Bu yıllar boyunca hep ayrımcılığa maruz kaldım. Herkes has evlat, ben üvey evlat. Nerede faili meçhul bir suç işlense, masum da olsam suçlanan ben olurdum.
Rahibeler (tabii ki istisnalar da vardı) beni cezalandırmak için vesile ararlardı. İtip kakmaları saymıyorum bile, ama tek bir örnek vereyim: İlkokul ikinci sınıftayım; çok önceden yapılmış sudan bir yaramazlığımı bahane ederek, aylarca provasını yaptığımız yılsonu gösterisine bile çıkmaktan son anda, üstelik tam hepimiz heyecan içinde sırayla sahneye pür neşe çıkarken, menetmişlerdi beni. Üstümde sahnedeki rolüm için annemin hazırladığı giysi, tam sahne merdiveni başında, bir el tarafından hoyratça kolumdan çekilmiş ve bir kenarda büzülmüş halde, sahnedeki arkadaşlarımın gösterisini izlemek zorunda bırakılmıştım. Bu, sadizm değilse nedir?
Dahası, rahibeler sınıf arkadaşlarımı da adeta iş birliğine teşvik ederlerdi. Arkadaşlarımın çoğu bana karşı önyargılı olduğundan evlerinde kutlanan doğum günü partilerine çoğunlukla davet edilmezdim. Sürekli dışlanırdım.
Yine de bütün insanların aslında “iyi” olduğuna dair garip bir inancım vardı. Daha doğrusu, adalet bilgisinin ve duygusunun aslında herkeste var olduğunu, kötülük yapanların kötülük yaptıklarının farkında olmadığını, sadece uyarılmaya ihtiyaçları olduğunu düşünürdüm, yoksa kişi bile bile neden kötülük yapsın?
Rahibelerin bana yaptıkları sizi kızdırdı mı? İçiniz umarım isyan duygularıyla dolmuştur, yoksa bu yazıyı okuduğunuza zaten değmez. Şahsen 1960’lar Kopenhag’ındaki çocukluk yıllarımı, hayatımın karanlık “orta çağ” yılları olarak hatırlarım hep.
Sonraları başka coğrafyalarda da şunu fark ettim: Oyun oynarken ara ara bir kabadayı, bir mızıkçı çıkar ortaya; oyunu hakkınızla kazansanız bile kazanmanızı sağlayan hamleniz ya görmezden gelinir ya da aniden oyunun kuralları değiştirilir ve siz kendinizi kenara itilmiş ve oyunu kaybetmiş halde bulursunuz (belki de daha ziyade kızlar yaşarlar bu durumu).
Ne fena, değil mi?
Evet fena, ama rahibelerin yaptığının aynını Kürtlere yapıyoruz. Kürtlere yapılanlar zihnimde sürekli çocukluğumu ve o yıllarda yaşadığım, adalete sığmayan davranışların içimde uyandırdığı isyan duygusunu hortlatır.

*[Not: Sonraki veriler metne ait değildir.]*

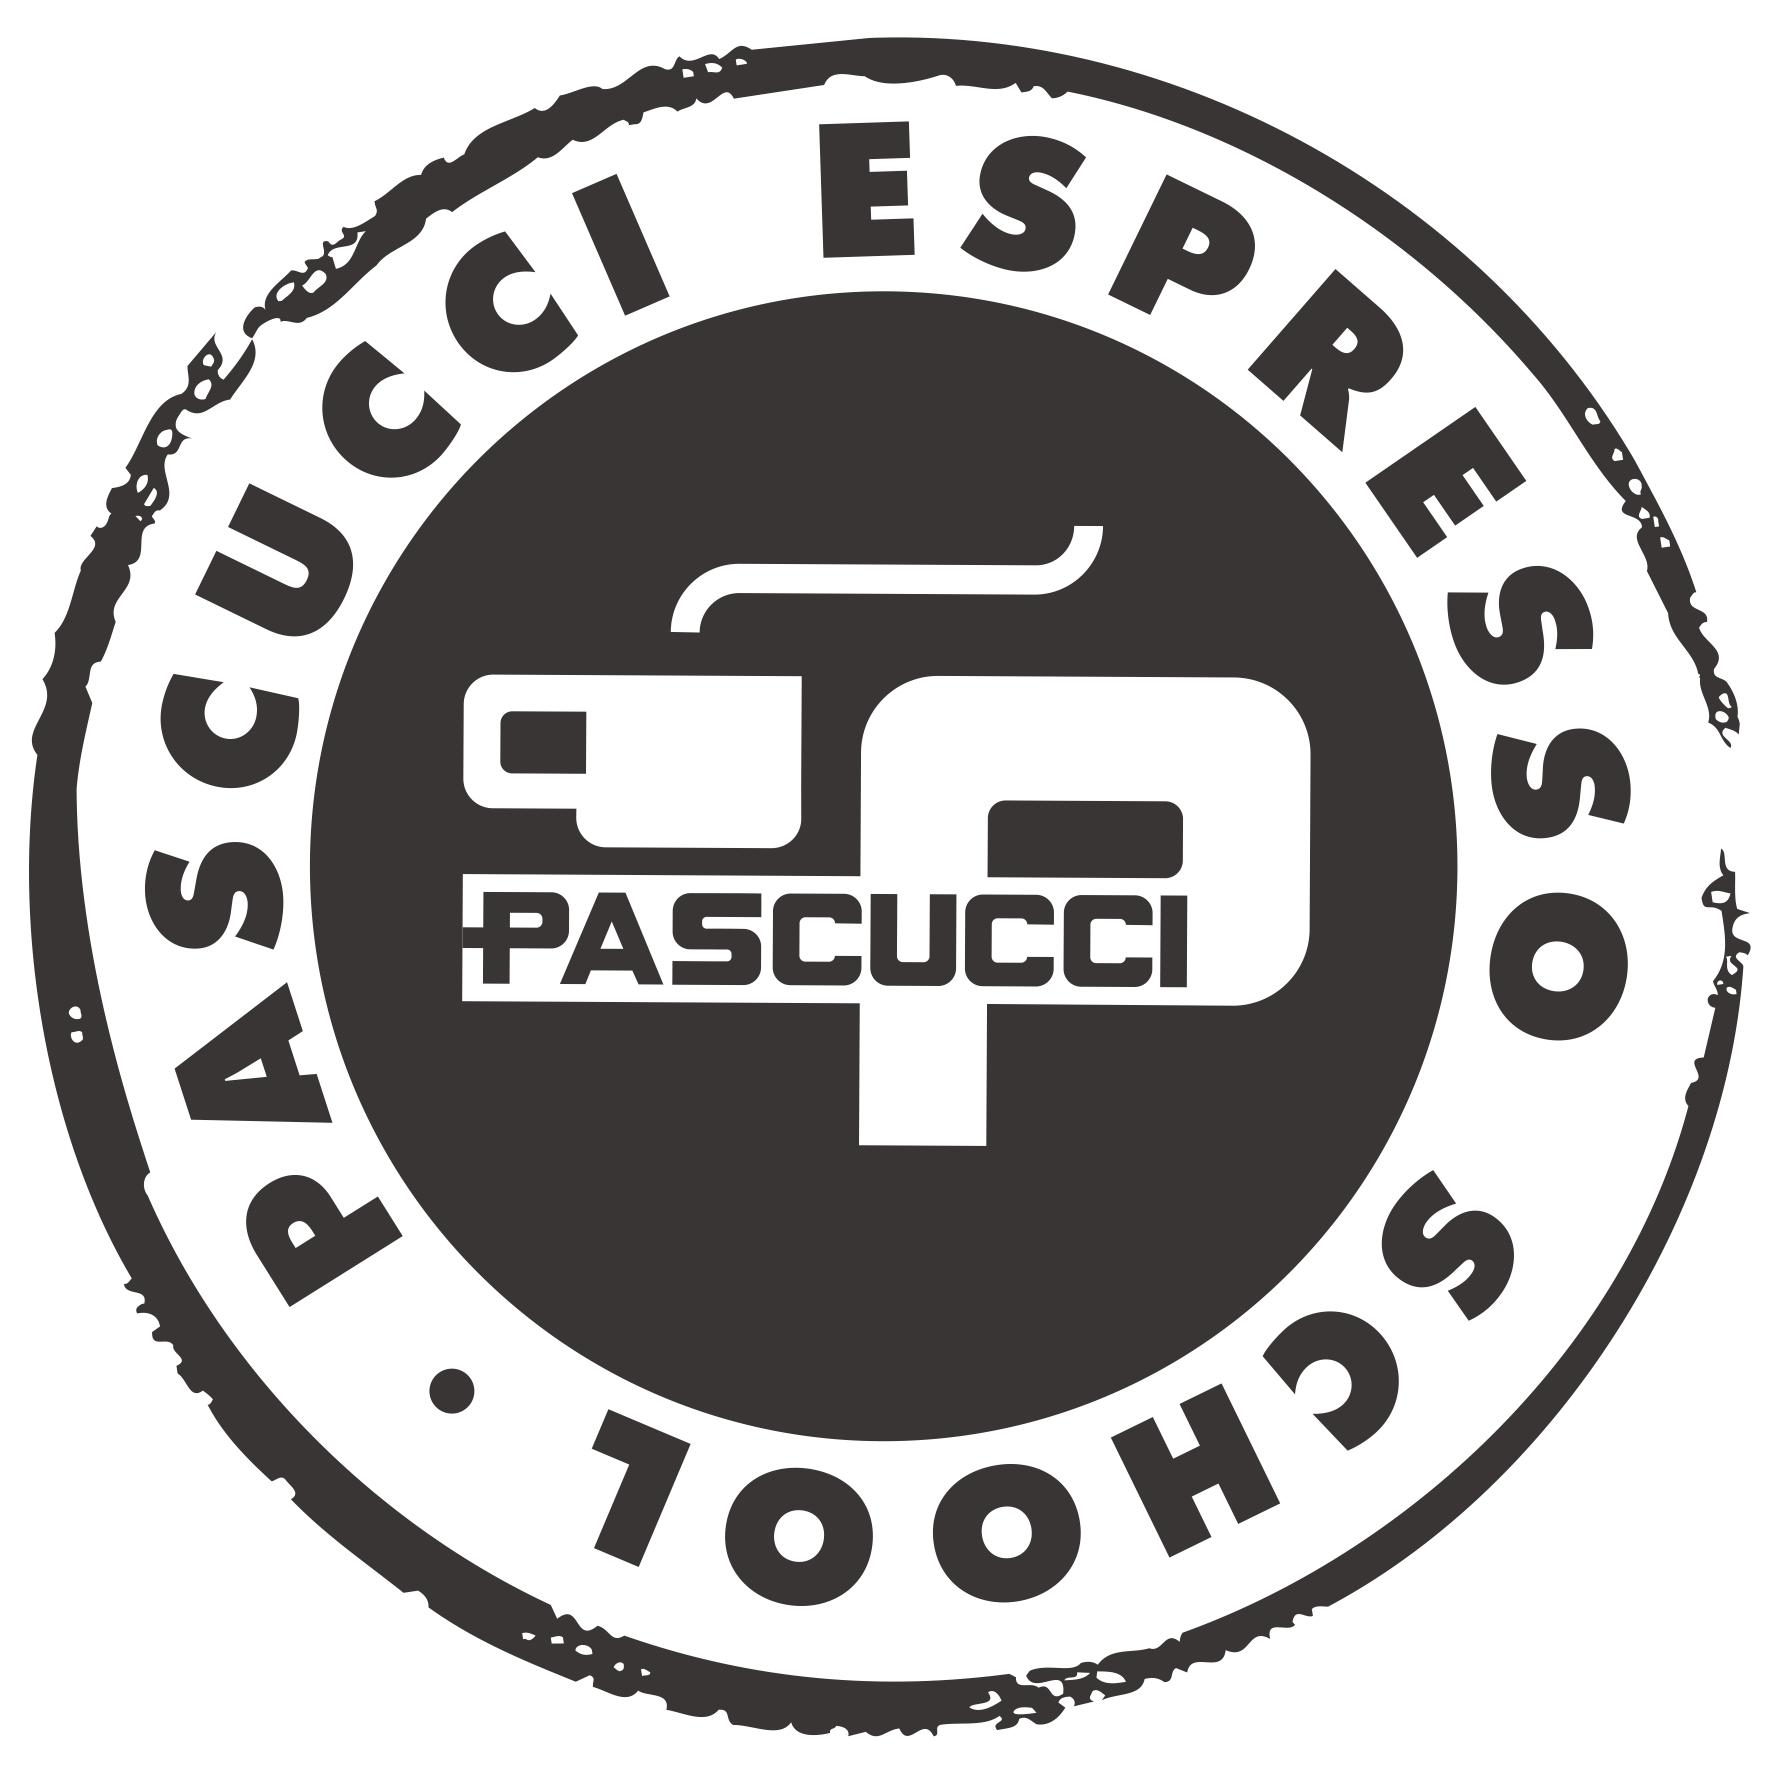 Pascucci espresso school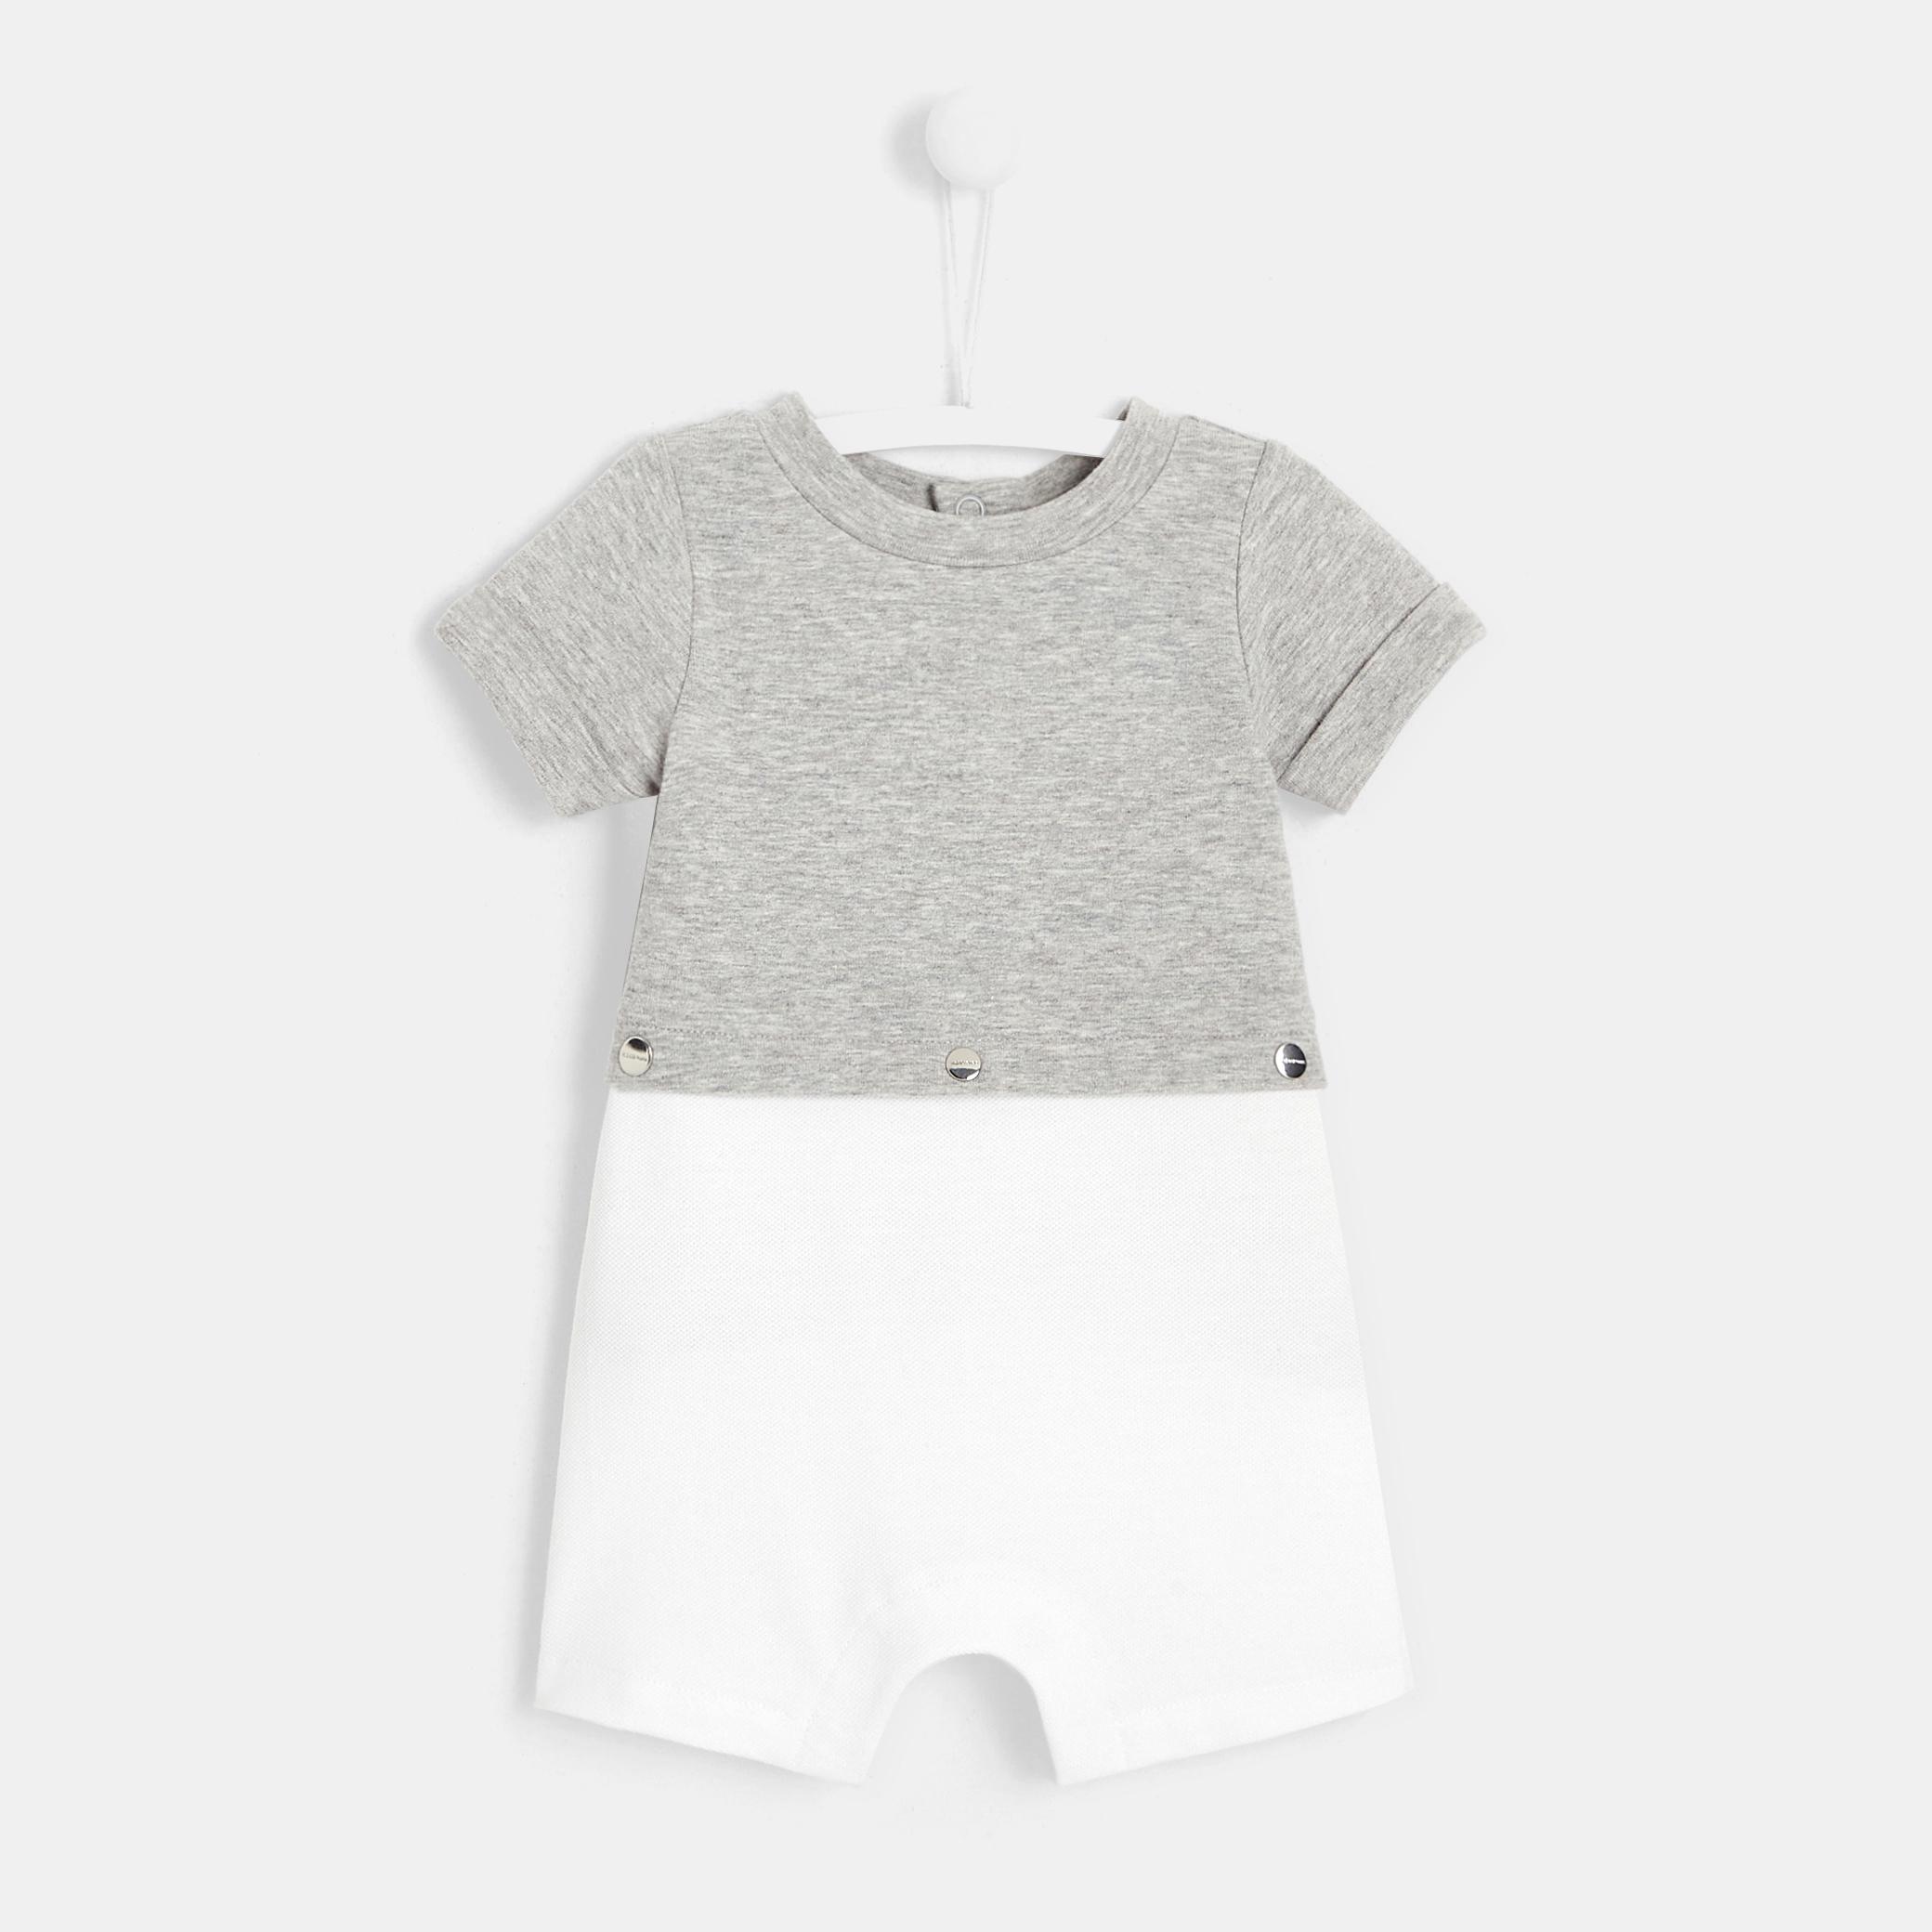 Baby 2-in-1 onesie

Ne yapıyoruz biz Kürtlere yıllardır? Sırf Kürt doğdular diye insanlara böyle zulmetmek nasıl bir akıl tutulmasıdır, nasıl mazur görülür? Hâlâ eminim ki bile bile kötülük yapmayı hiç kimse istemez, ama işte, beni temsil eden devletim, beni Türk olmam hasebiyle mızıkçı ve hak yiyen konumuna sokuyor! Ben kendimi bu konumda görmek istemiyorum!
Sevgili devletim, ne olur iyiliği, güzelliği temsil et, ben de kimliğimle barışık olayım!